Culture

Native American students display resilience of heritage

The line of dancers snakes around the center of the room, their rhythmic steps quick and light. Bystanders watching from their seats join in and the circle expands. The leader winds them into a tight spiral. The feathers in his headdress shaking, he lets out one final sound. ‘Nyweh,’ he sings and the dancers break off and scatter back to their seats.

‘Nyweh means thank you,’ said Corinne Abrams, a senior public health major. ‘We thank our Creator that we’re healthy enough to dance, that we can all be here.’

Abrams, a member of the Native American Students at SU, joined in on the group’s social dance inside Room 201 of Goldstein Student Center. Yesterday marked Columbus Day, officially recognized as a federal holiday in United States since 1937. But the group celebrated a different kind of day.

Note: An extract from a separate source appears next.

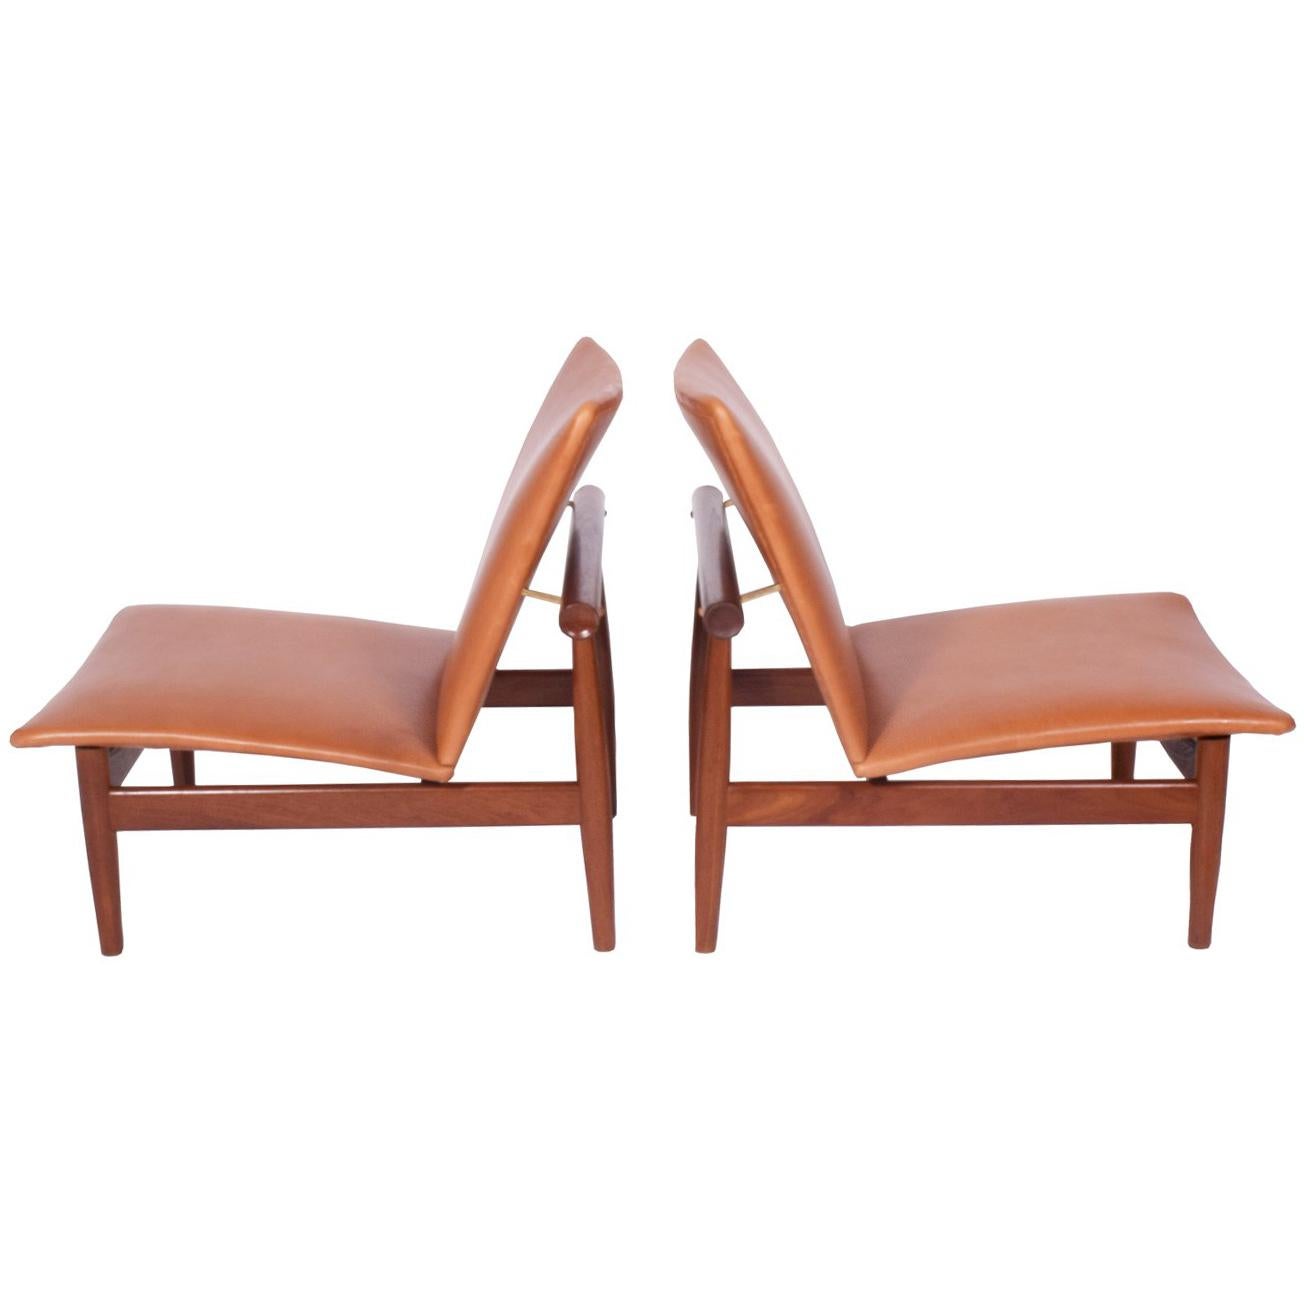 Pair of Finn Juhl Easy Chairs "No.137" for France & Søn, 1958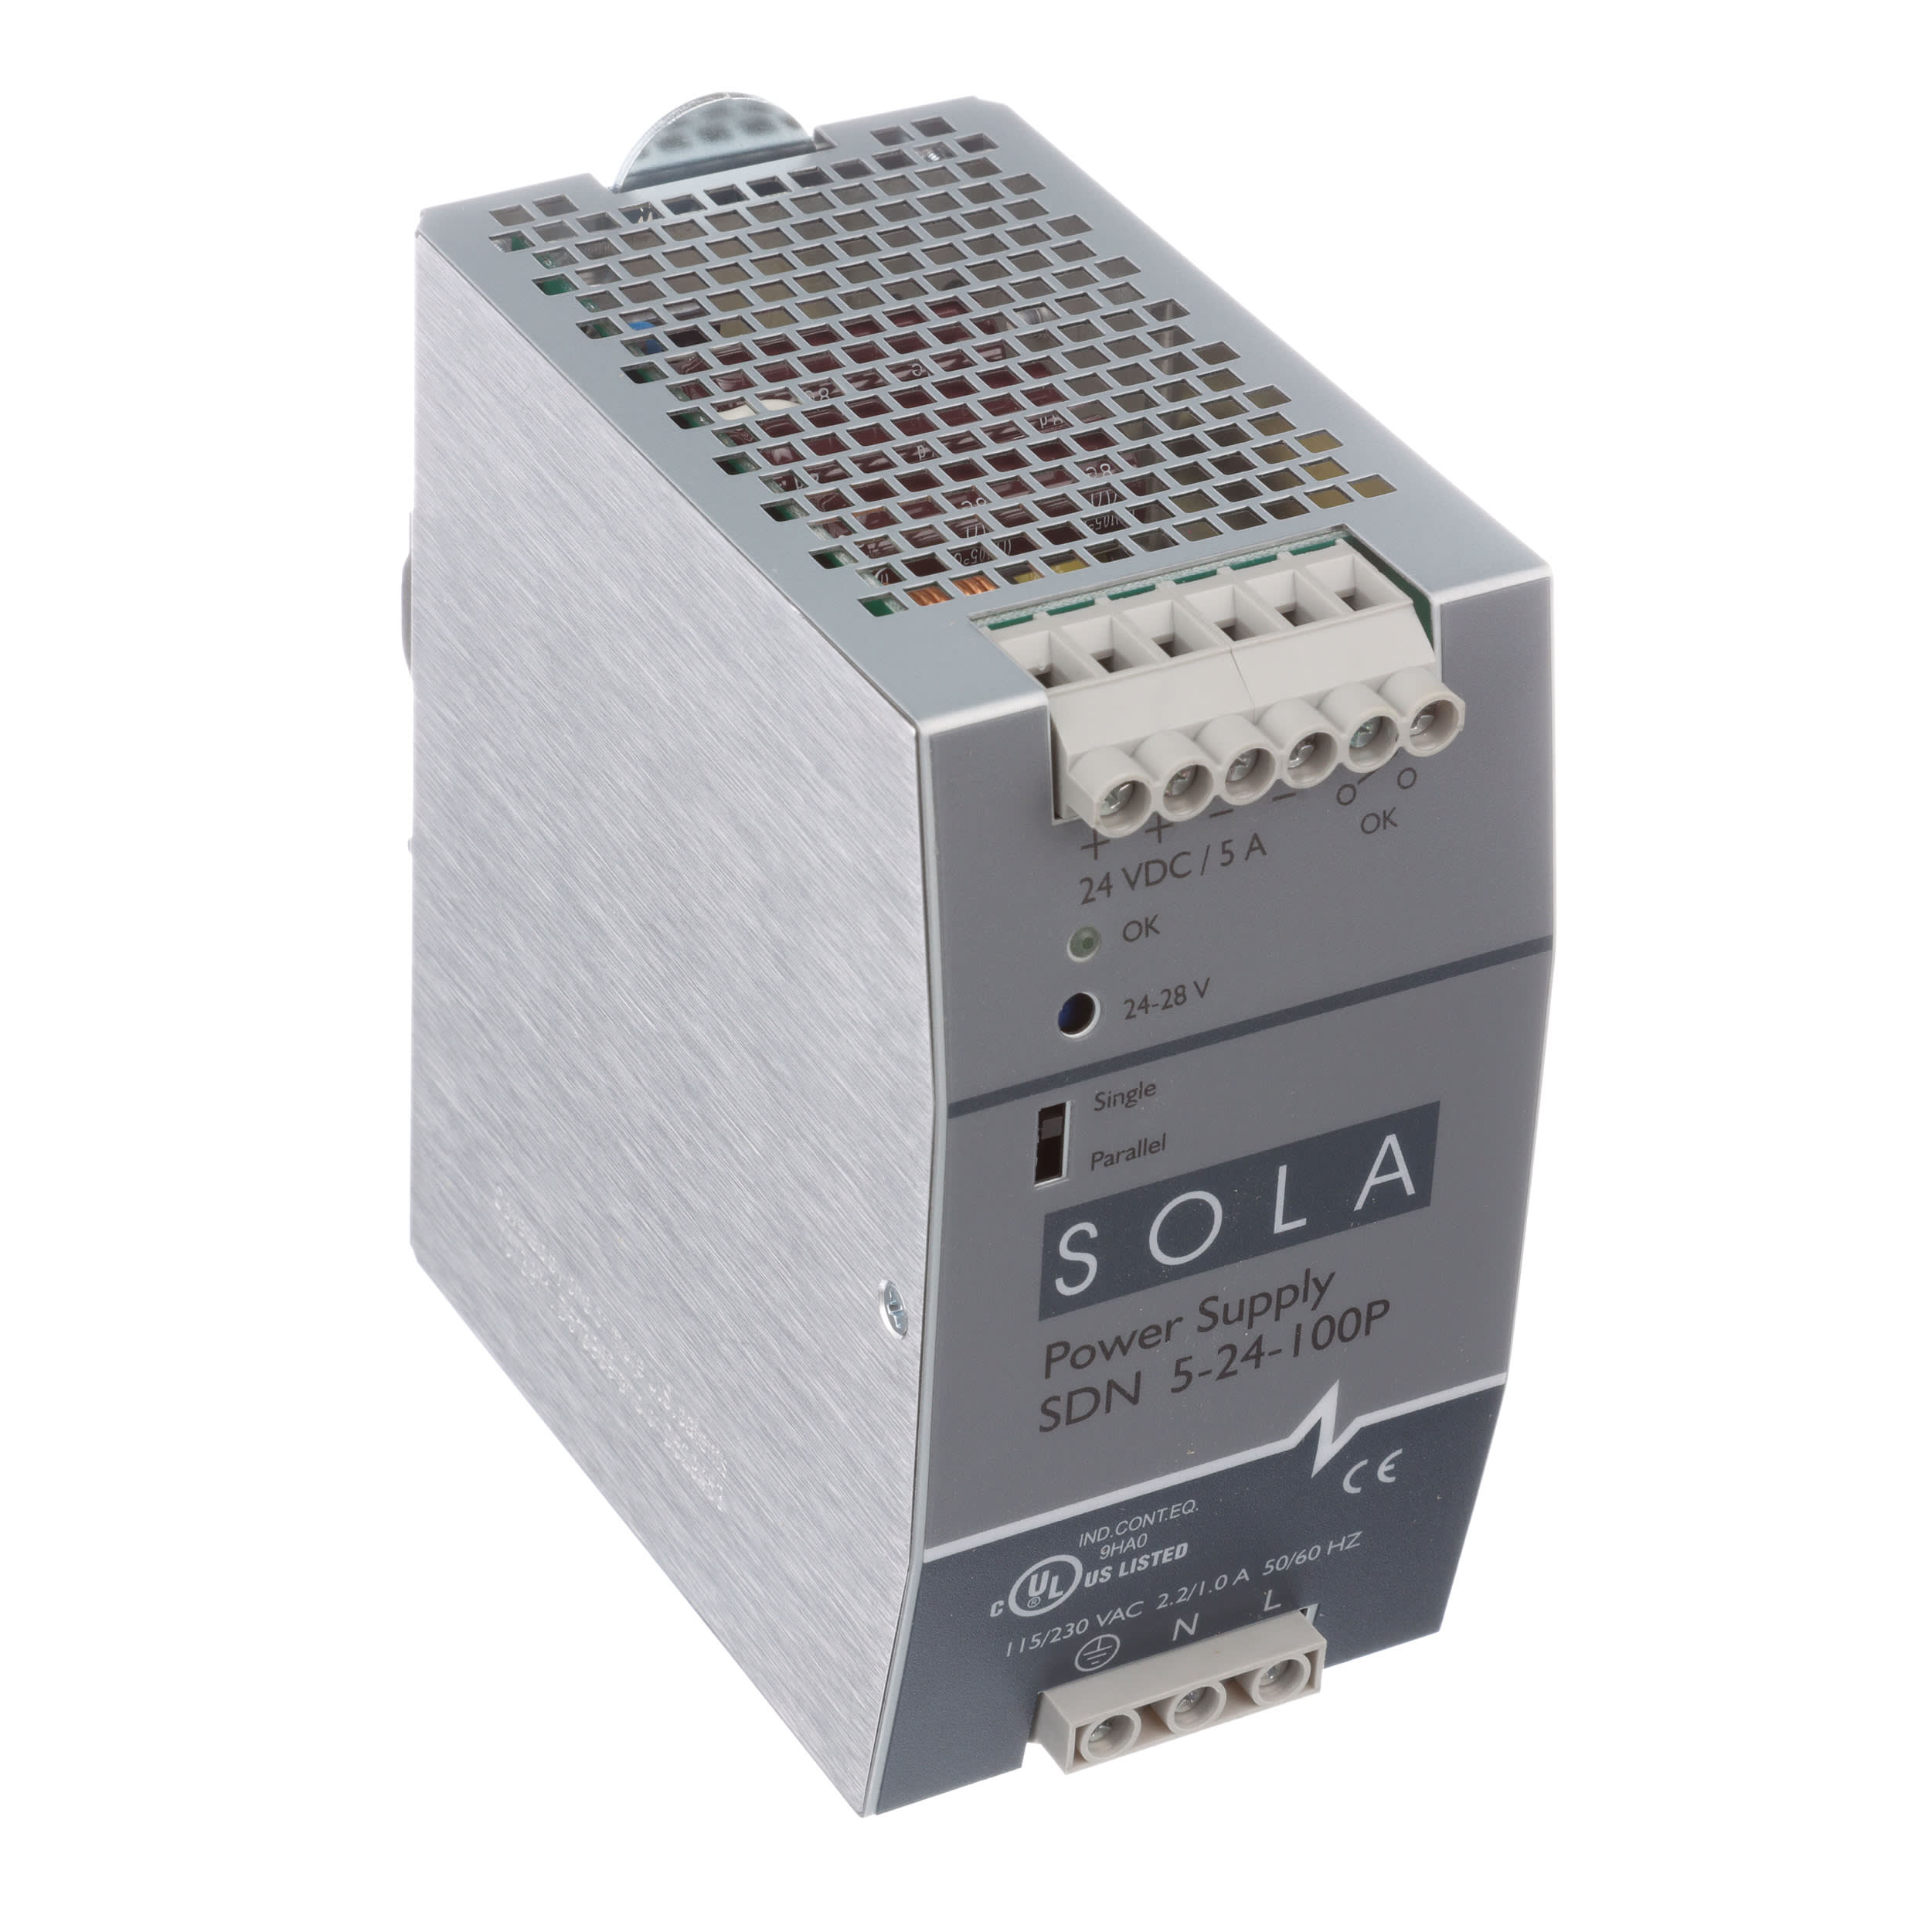 SOLA Power Supply SDN 5-24-100P 115/230VAC 2.2/1.0A 50/60Hz 42736ISU

Several members gathered on the Quad. They taped off the area to declare it as Onondaga land. The group surrounded themselves with poles connected by one continuous sticker bearing the purple Hiawatha belt, the official emblem of the Six Nations of the Haudenosaunee, located in Central New York and Canada.

‘We’re doing this to let everyone know we’re still here. We’re not nonexistent,’ said Jessica Martin, a sophomore history education major. ‘We’re still thriving.’



Each year, the group organizes an awareness day for indigenous survival awareness on Columbus Day. In previous years, the event focused on the consequences of Columbus’ invasion — genocide, slavery and colonization, Abrams said. Over time, event has evolved to celebrating Native culture and history.

‘We definitely emphasized not letting it be about Columbus,’ said Ira Huff, a junior English and textual studies major and president of the organization. ‘We want it just to focus on us.’

In his quest to find a direct route to the Indies, Columbus stumbled onto the indigenous people of the island of Hispaniola, comprised of present day Haiti and the Dominican Republic, said Philip Arnold, associate professor of indigenous religion at SU. The cordial encounter took a hostile turn when he spotted a gold tooth in the mouth of one man.

‘He set up a tribute system where the natives would bring gold to him, and if they didn’t bring enough during his visit, he’d chop off their hand.’

Columbus set the stage for a slew of conquerors and settlers who quickly and aggressively followed in his footsteps. They spread disease and slaughtered millions of indigenous peoples. He remains, to students like Huff, an enduring icon of invasion.

‘Nobody said he was a bad man or a horrible person or anything like that,’ said Huff, who grew up on the Tonawanda Reservation of the Seneca Nation. ‘It’s just what he stood for. He stood for what would become our losses — losing our people, our culture, our language, a part of ourselves.’

For Huff, setting up on the Quad helps make the presence of the Native American Students at SU more visible on campus, shattering the mythic veneer of Columbus’ legacies by openly celebrating their peoples’ continued existence.

This year, the group arranged for the Haudenosaunee Dancers and Singers, a dance troupe comprised of members from the Six Nations, to lead the social dance.

Seated toward the back of the room, juniors Victoria Pruitt and Melia Robinson watched the group launch into the next dance.

‘This is really spiritual for them,’ said Pruitt, a magazine journalism major. ‘I wish I had something like that.’

In single file, the dancers take measured strides toward the center of the room, matching the steady heartbeat of the drum. The drumbeats grow faster and louder and the dancers glide around the room.

‘The dancing is a very meaningful custom for them and a way that they’re tied to their culture. It’s really beautiful to watch,’ said Robinson, a magazine journalism and information management technology major. ‘I hope that in future years, people will be more curious like us.’